### EXERCISE
Copy the listing below letter for letter, passing over each picture.

### EXERCISE DATA
§
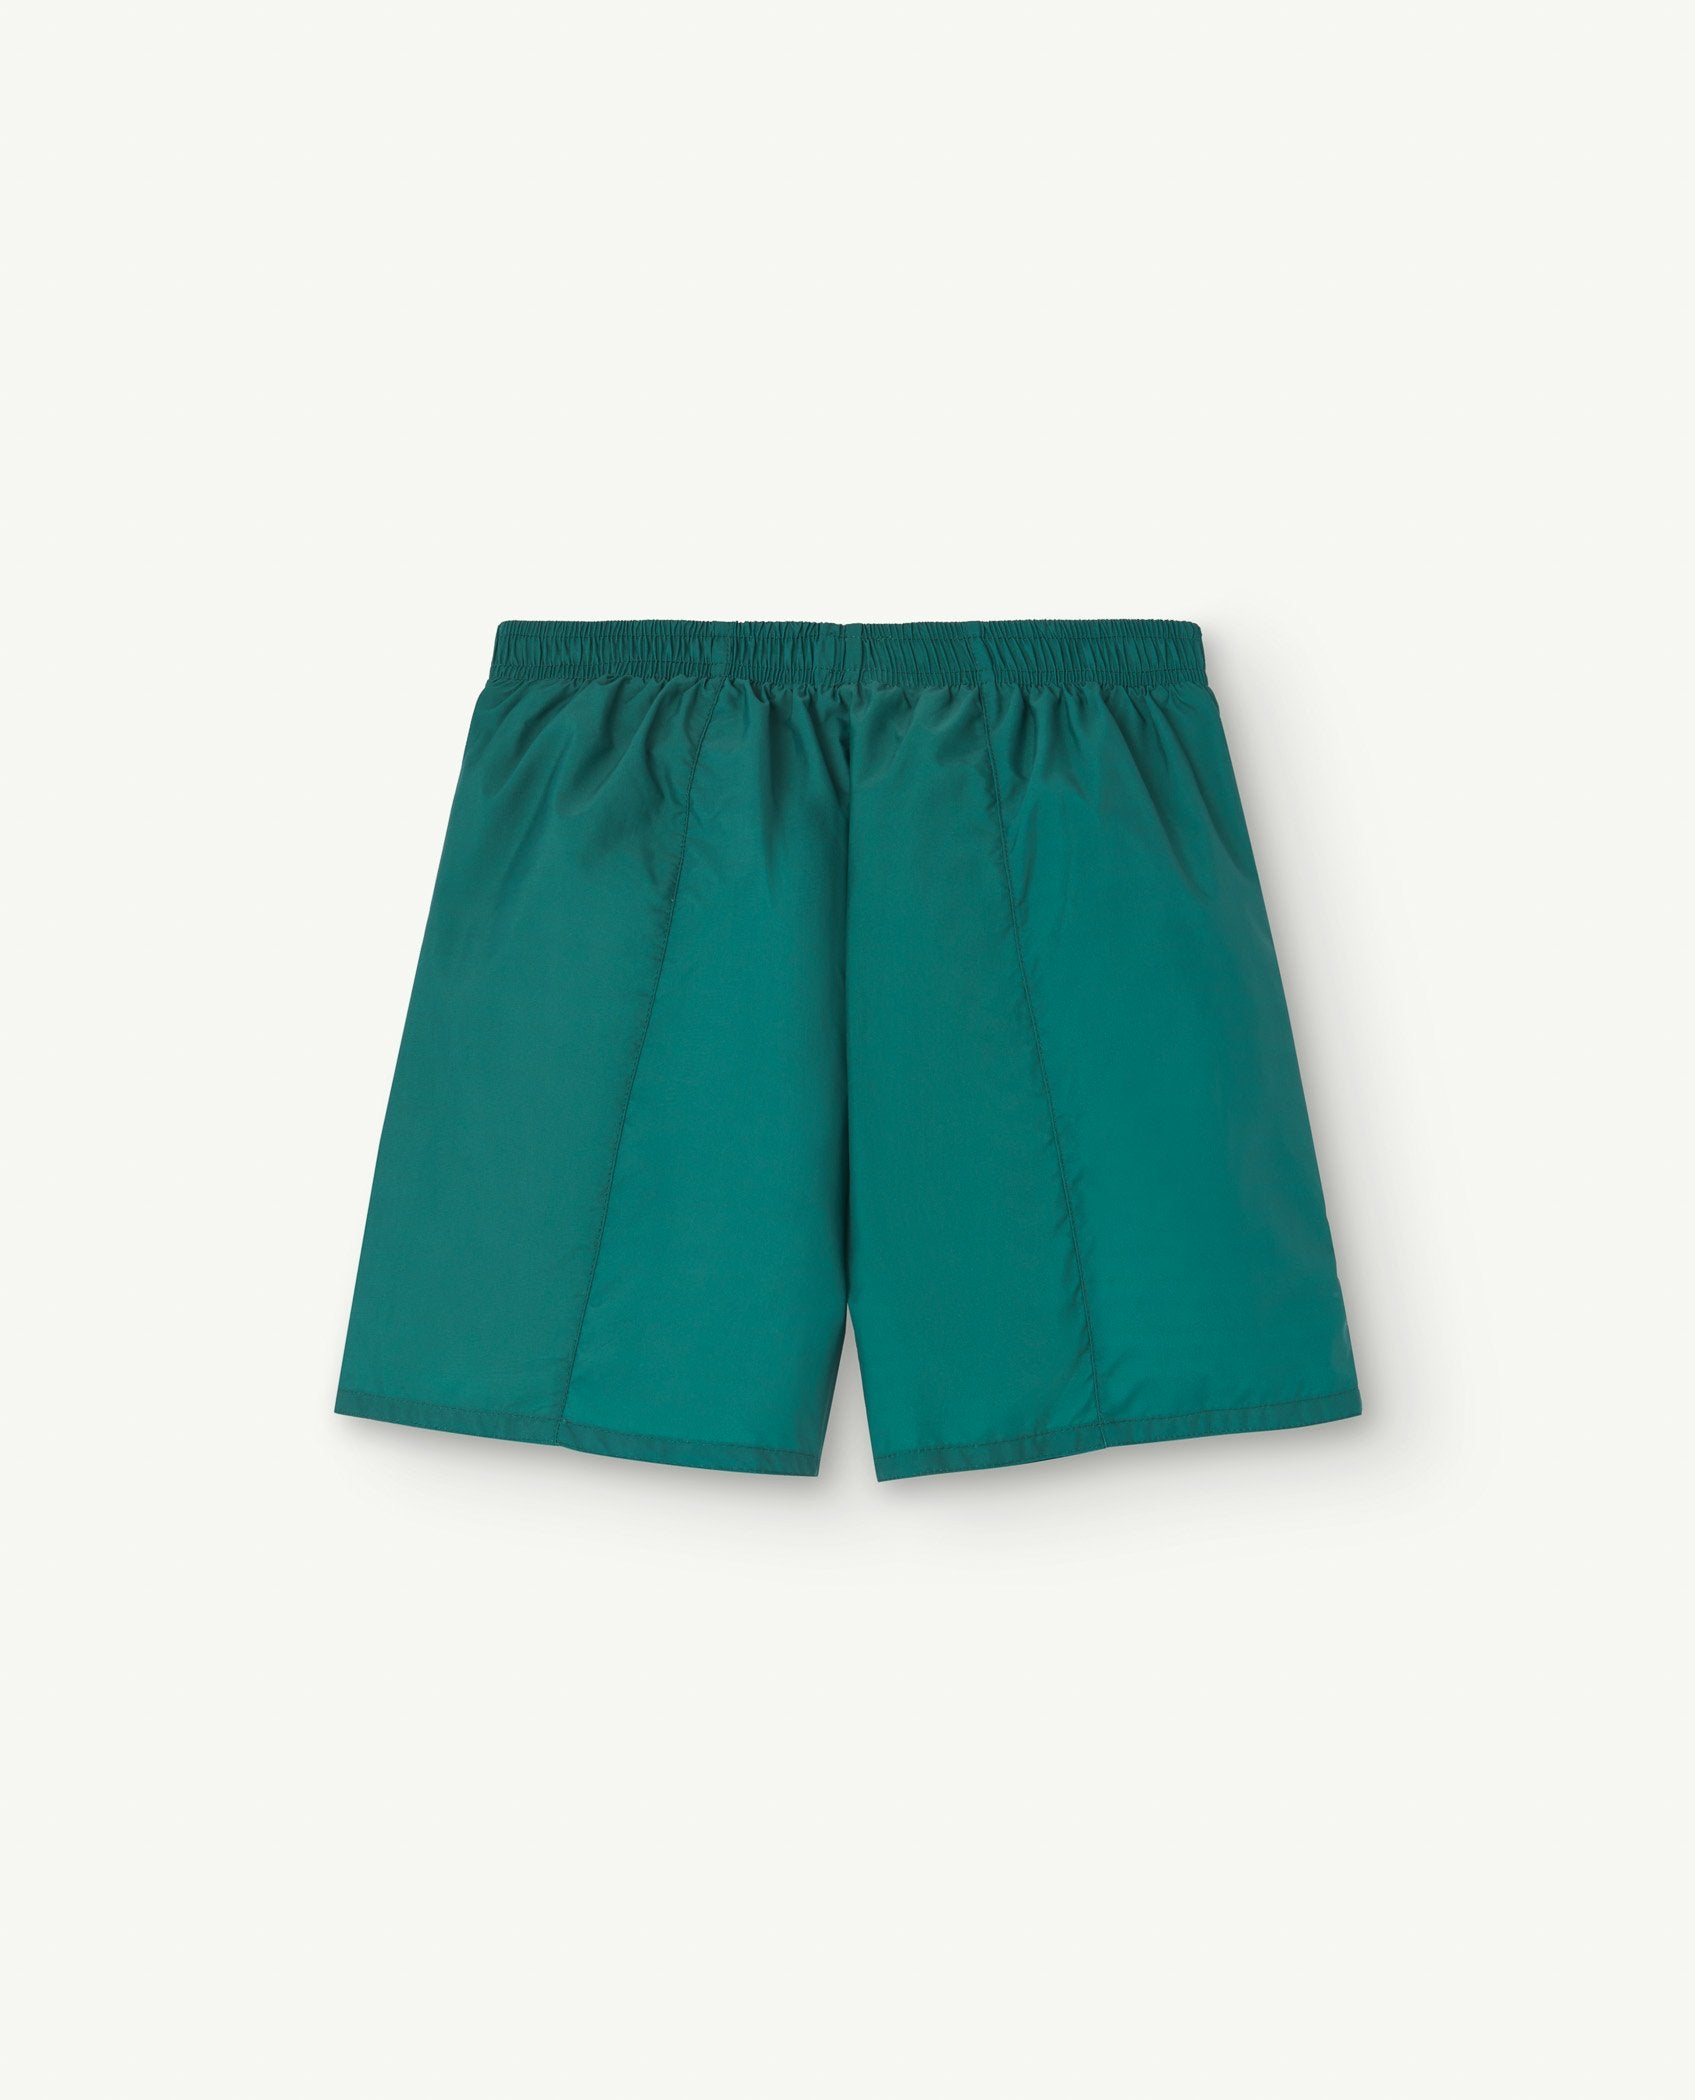 Green Puppy Swim Shorts PRODUCT BACK
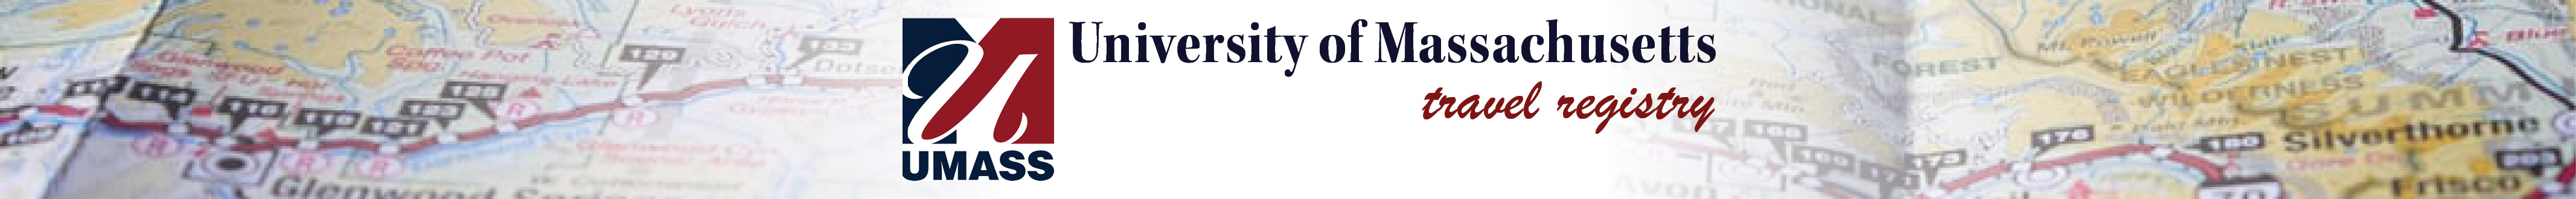 University of Massachusetts - University of Massachusetts
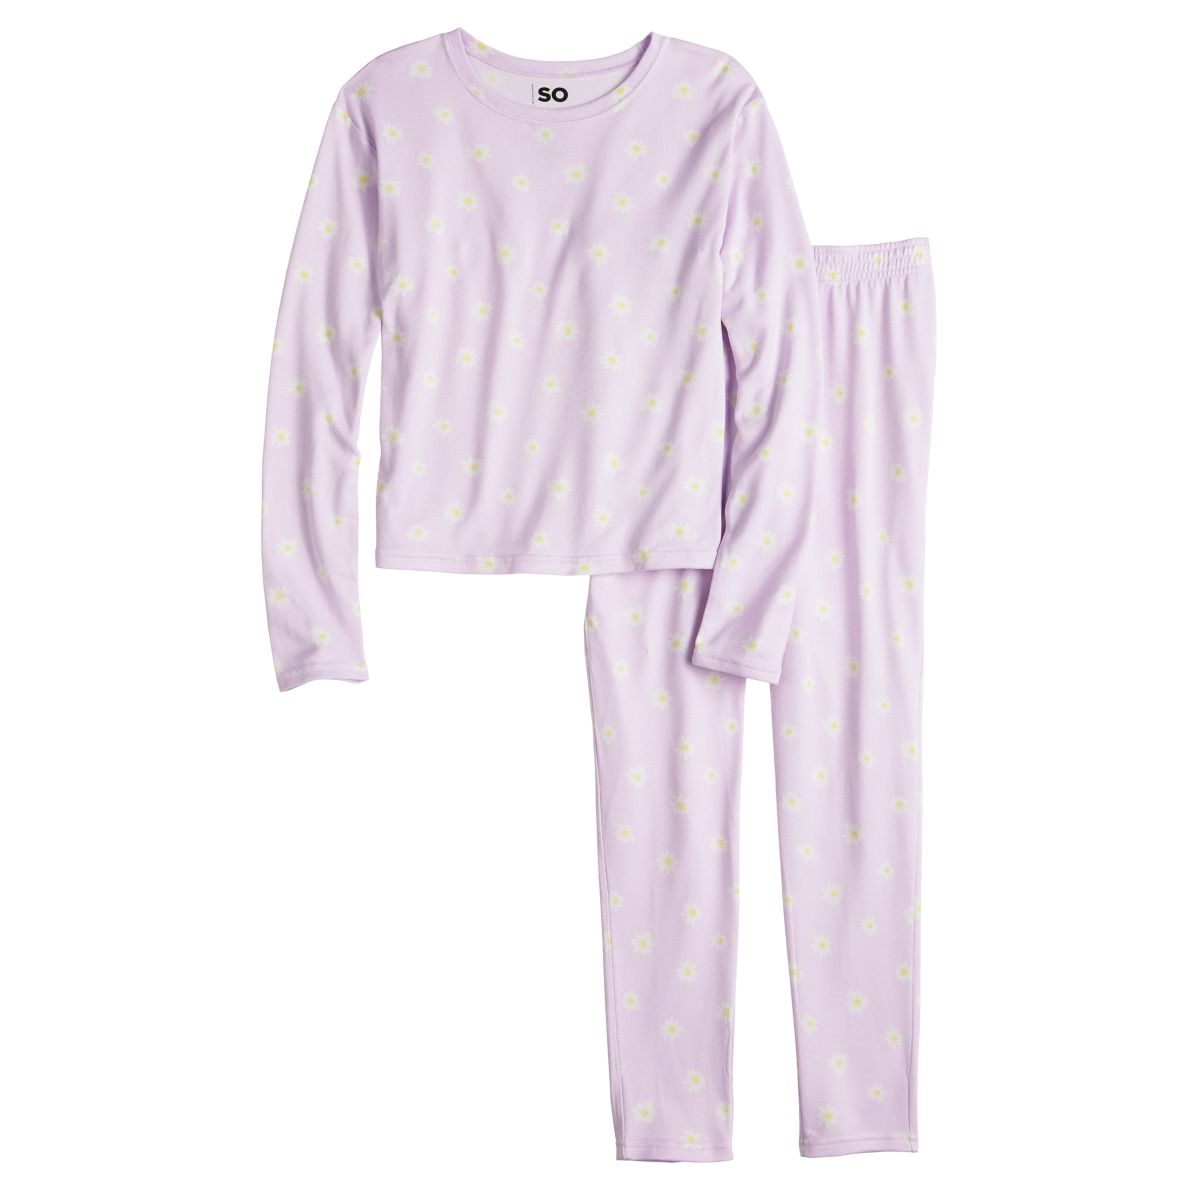 Girls 4-20 SO® Cozy Top & Bottoms Pajama Set in Regular & Plus Size SO
§
### RESPONSE TO THE TASK
 Green Puppy Swim Shorts PRODUCT BACK
 University of Massachusetts - University of Massachusetts
 Girls 4-20 SO® Cozy Top & Bottoms Pajama Set in Regular & Plus Size SO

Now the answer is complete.